Why is this interesting? Note that in the first example the service being discussed was calling another service to get data, and the word “upstream” was used, while in my friend’s example, the service being discussed was calling another service and the word “downstream” was used.
I’ve spent years participating in conversations about network communication between microservices, and often people say things much more ambiguous than that. For example “Then the downstream returns 404”. Are you sure you know what the speaker meant? Naturally, you “know” what “upstream” and “downstream” mean, right? Yet, I’ve been in long meetings where the root-cause of a disagreement was simply that people understood these words differently.
But, it gets even better. I have been in conversations where a single colleague, over the course of one “paragraph,” has used “downstream” to mean opposite directions. And what term do you use when two “sibling” microservices (that is, where neither is closer or further away from either the database or the user) are talking with each other ?
The point here is that “upstream” and “downstream” are actually ambiguous terms.
Maybe this ambiguity should not be that much of a surprise. In an actual stream, water flows from one point to another. But in an HTTP interaction, first data flows in one direction and then (often as part of the same request) it flows in the opposite direction. It is more like ocean tides than the flow of a stream! I think part of the problem is that in the heat of a conversation, people end up focusing on the flow of data for whichever portion of the HTTP interaction that they are talking about, rather than the “absolute” direction of data going towards or from the user.
To make my conversations less ambiguous, I’ve ended up adopting another set of terms. In this case, I always refer to the services by their roles relative to my own service. When my service is communicating with another service, it is the supporting service of my service. Put another way, my service is relying on it to support its own ability to get its job done.
Similarly, when another service is relying on my service, that service is a client of my service.
Over time, I’ve found these terms to be much less ambiguous, and they have helped me hold more precise (and more efficient) conversations. Often this even helps force me to be more explicit when I am talking with others.
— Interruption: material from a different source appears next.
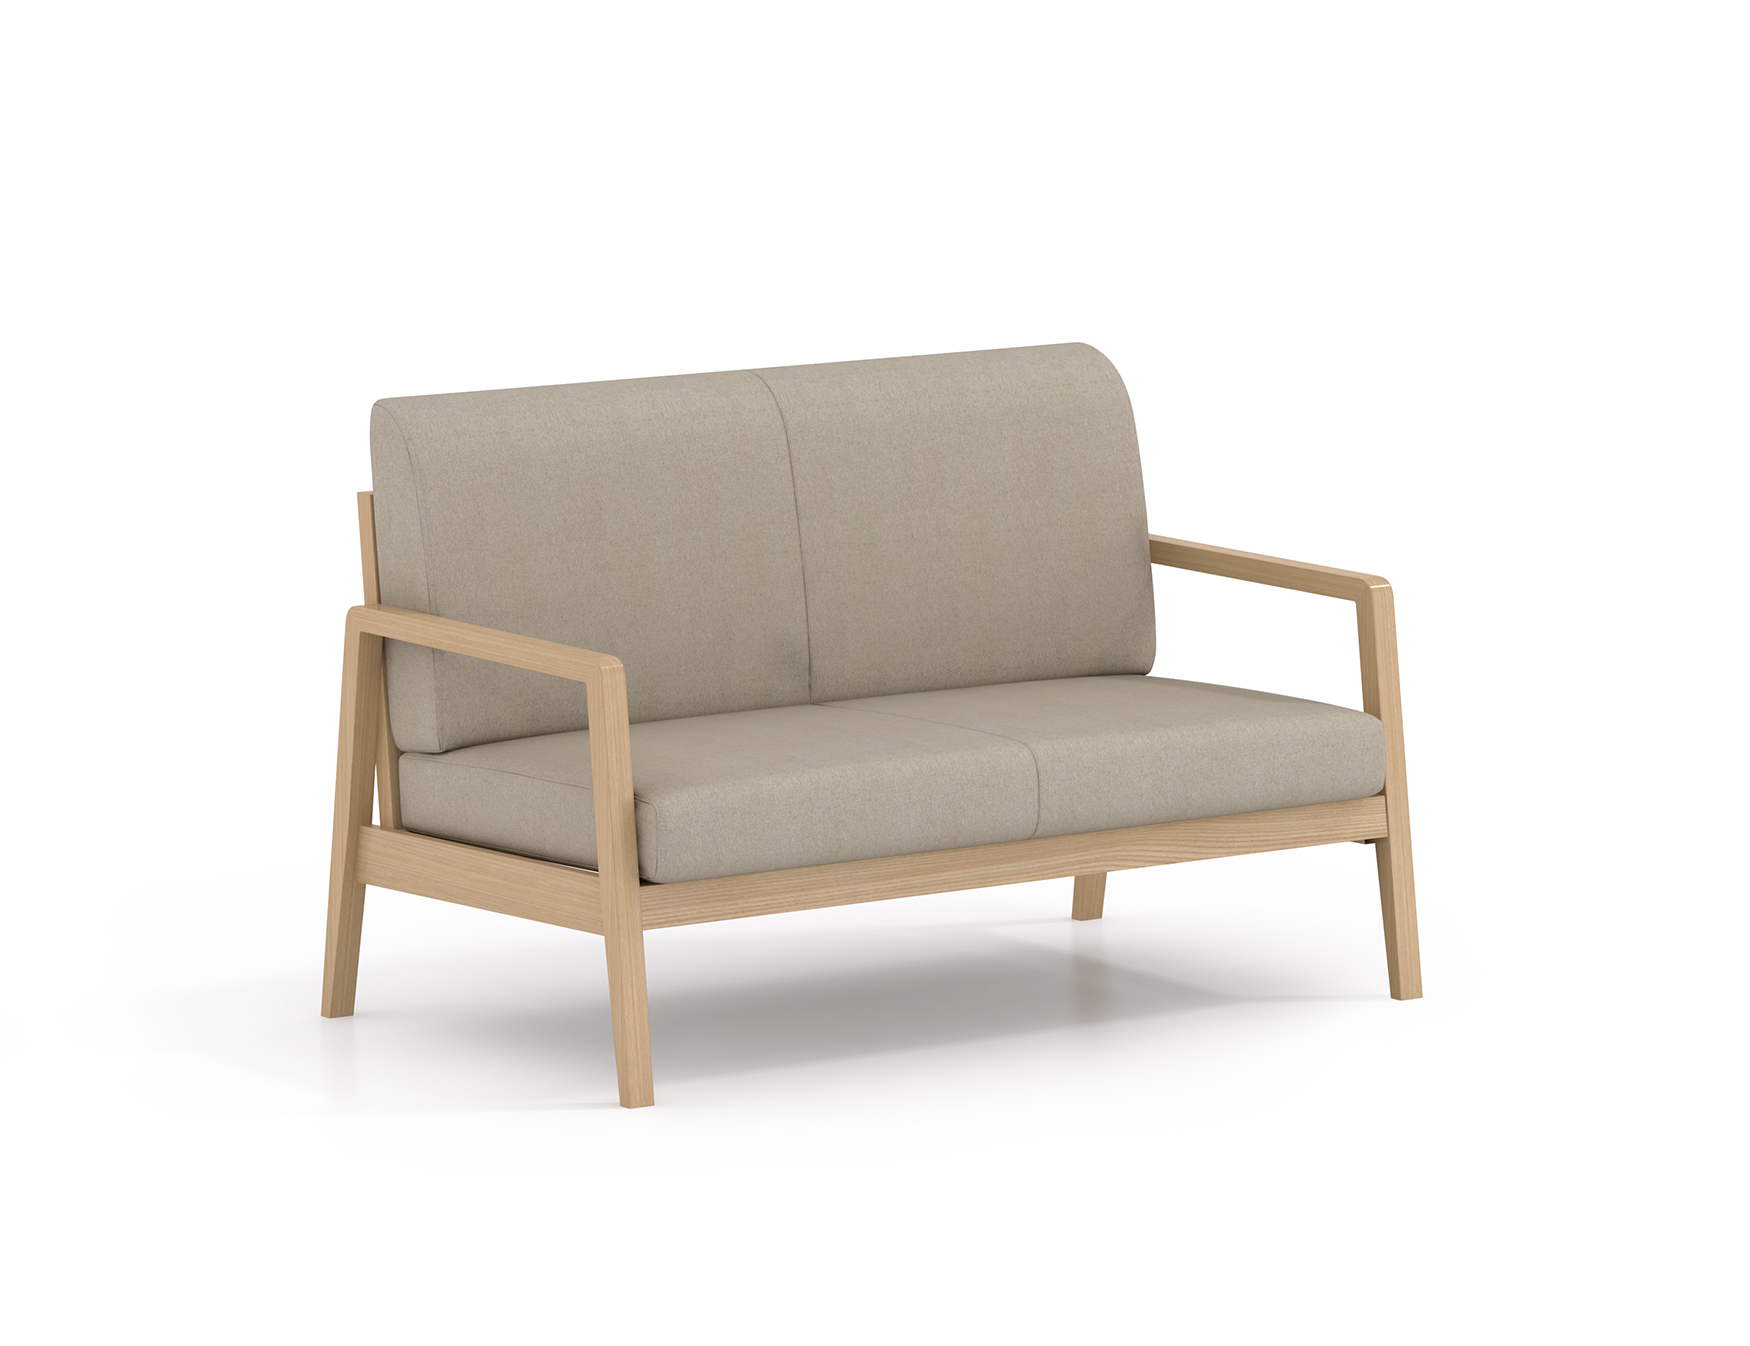 Modern Loveseat Bench Gray Fabric Natural Wood Frame lounge for patient

With these terms, I can now say things like:
- [To return data to my caller, my service] relies on two supporting web services for the
Account
andReservation
information. - The response from my supporting service could be 403 sometimes, so I had to modify my readiness probe to account for that.
- The client service sent me a bad payload, so of course I returned a 400.
- I know it sounds crazy, but my supporting service would sometimes turn around and make a request back to me, making me its own supporting service. Clearly, we need to treat these requests very carefully, or we might have trouble getting results to the user within our SLA’s.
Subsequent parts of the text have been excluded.